In theory the dirtree_read("/") is supposed to operate on "/" as well as 
the children. In practice there's a sequencing issue with mounts being 
under other mounts (which this is a trivial case of). if you have two 
mount points arranged dir1/dir2, you need to move dir2 to /tmp, move 
dir1 new, and them move /tmp to new/dir1/dir2. (There's no MS_MOVE_ALL 
flag I'm aware of.)

The easy fix for the current case is to DIRTREE_COMEAGAIN and handle all 
the moves in the second callback, that way all children are handled 
before their parents. (This avoids adding a second explicit mount() call 
when the first mount() call can theoretically already handle it. Single 
Point of Truth and all that...)

This doesn't solve the larger problem (ala /dev being a devtmpfs and 
/dev/pts being a devpts), but might address _this_ issue without adding 
significant code.

Do I _want_ to try to fix the larger issue?
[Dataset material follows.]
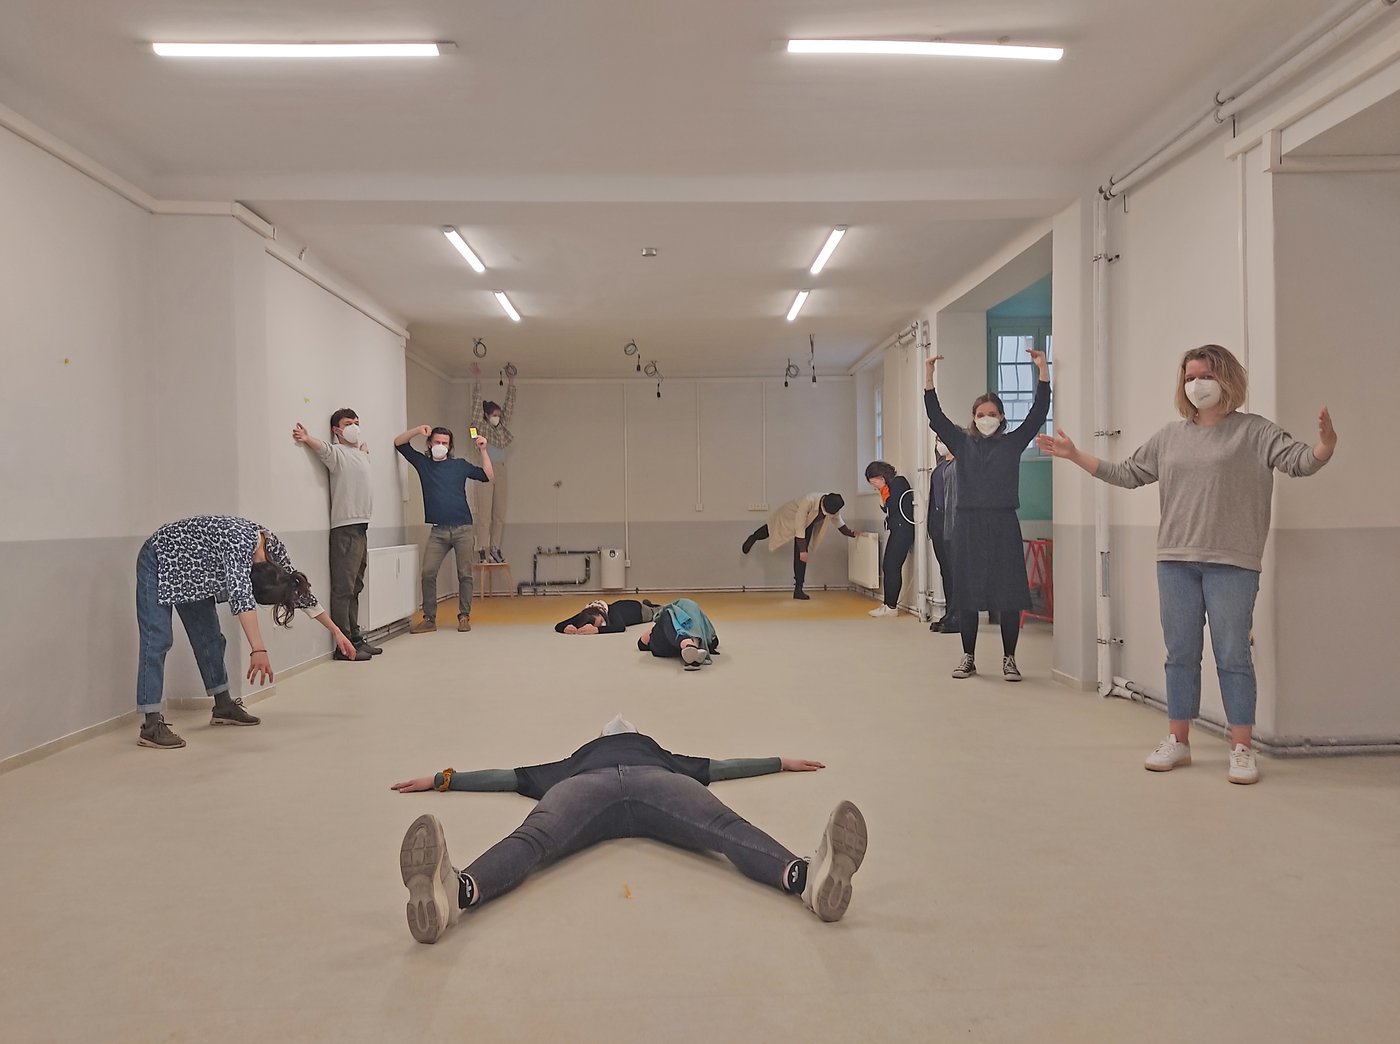 The exhibition shows master projects developed in the course Artistic Practice / Artistic Art Education Practice by Isa Rosenberger at the Institute for Education in the Arts at the Academy of Fine Arts Vienna.

I'd need an arbitrary number 
of mountpoints to hold arbitrarily deep trees while moving them, and I'm 
not guaranteed to have any writeable space to mkdir in. That's why I 
didn't try to tackle it before. In theory "switch_root before doing your 
setup" has been the order of the day... in which case you don't need to 
care about any child mounts, you just want to swap two mounts the way 
pivot_root does.

Would the simpler non-recursive version break anybody? I have no idea. 
You'd want to move /dev is if CONFIG_DEVTMPFS_MOUNT worked but the 
kernel guys have refused 
https://landley.net/bin/mkroot/0.8.13/linux-patches/0003-Wire-up-CONFIG_DEVTMPFS_MOUNT-to-initramfs.patch 
and friends for NINE YEARS now. (Which is why the stupid "static 
initramfs has no stdin/stdout/stderr when it launches PID 1" bug keeps 
cropping back up, because the kernel has inconsistent behavior in 
different codepaths...)

Are there existing users would be broken by doing less, or is everybody 
just calling switch_root as the first thing and then have the "real" 
init script live in the new filesystem?